六日目

 彼女たちは、常にぴったり寄り添っている。

 昨日は服を着せてみたが、脱ぎ捨てたり居心地が悪そうにしたりしているように見え、あまり気に入っていなかった様子から、服を着せることは昨日限りで止めた。ずっと寄り添っているのには何か理由があるのだろう。寒いのだろうか? もしかすると、育成環境が適していない可能性がある。試しに体温を測定してみることにする。

 直腸温を測定できた方がより正確だが、自室にある一般的な体温計を彼女たちに挿入するのは、双方の大きさを考慮し困難であると判断した。他に使えそうなものはないかと探したところ、耳式のものが見つかった。耳式の体温計を用いて測定してみたところ、B-01は三十七度二分、B-02は三十六度八分であった。人間と比べると体温が高い。時間帯でも変動があるかもしれないため、本日は二時間おきに測定していこう。

 測定を開始したのが午前八時。二時間おきに測定を続けた。以下は午後十時までの結果を記す。二体ともほぼ同じような温度変化をしていた。変動としては、朝方は低かったが、日中には上昇し、夕方まで日中とほぼ一定のラインをたどった後、夜には朝と同程度まで下降がみられる。差は一度以内で変動しており、グラフの形は人間の深部体温の変動と似た結果となった。この結果は睡眠とも関係がありそうだ。
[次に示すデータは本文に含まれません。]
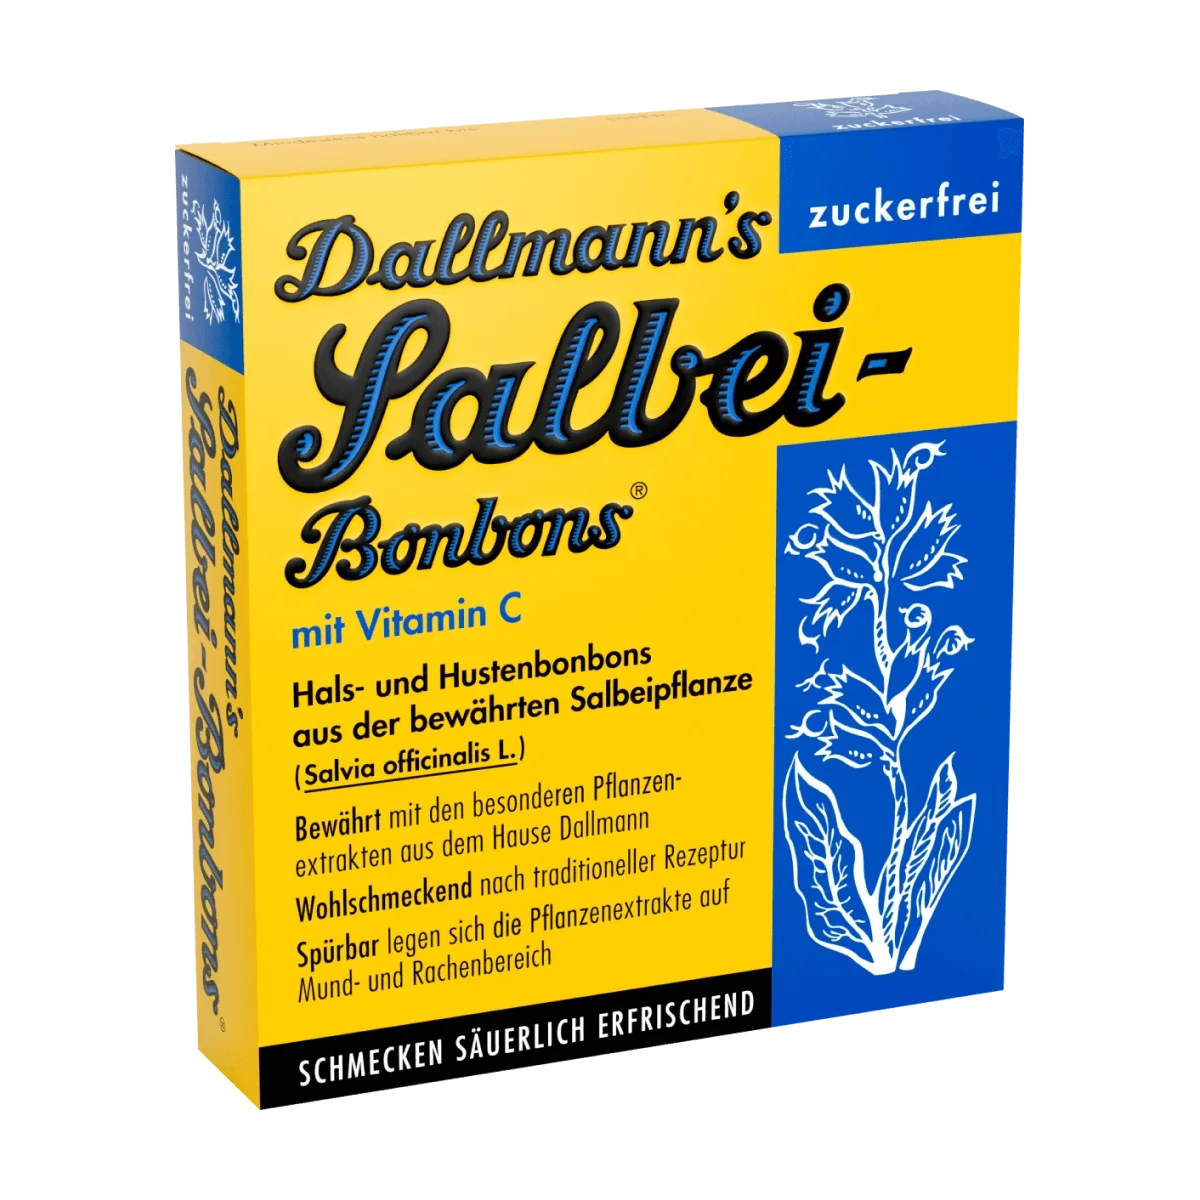 Dallmann's Salbei-Bonbons zuckerfreie Hals- und Hustenbonbons (20 Stück), 37 g

 彼女たちが睡眠をとるのは、私が眠るのと同じような時間である。私より遅く就寝し、私より早く起床している。眠っているところを見せないようにしているのだろうか。私のことを警戒している様子は変わらずあるので、これも警戒行動のひとつなのかもしれない。このように述べたが、彼女たちの眠っている姿をまだ肉眼では観察できていない。眠っている間の観察を自分で行うのは難しいので、定点カメラを設置し、記録された映像を確認した。二体は眠っている間もぴったりと寄り添っていた。


 現在は柔らかい床材を敷き詰めた水槽で育成している。環境は室温二十三度、湿度四十パーセント程度で保っている。彼女たちを恒温動物であると仮定しての設定である。おおよその恒温生物は、この程度の温湿度で問題はないはずだ。適温であるはずだが、昼夜問わず二体はくっついて過ごしている。餌を食べるときはもちろん、排せつの際までくっついている。まるで一つの生き物のようだ。詳細な観察を行う際、一体ずつ取り出していくが、二体を引き離すと、それぞれひどく暴れる。彼女たちが常に寄り添っているのには、何か理由がありそうだ。明日は仕切り版を使用して、二体を離して過ごさせてみよう。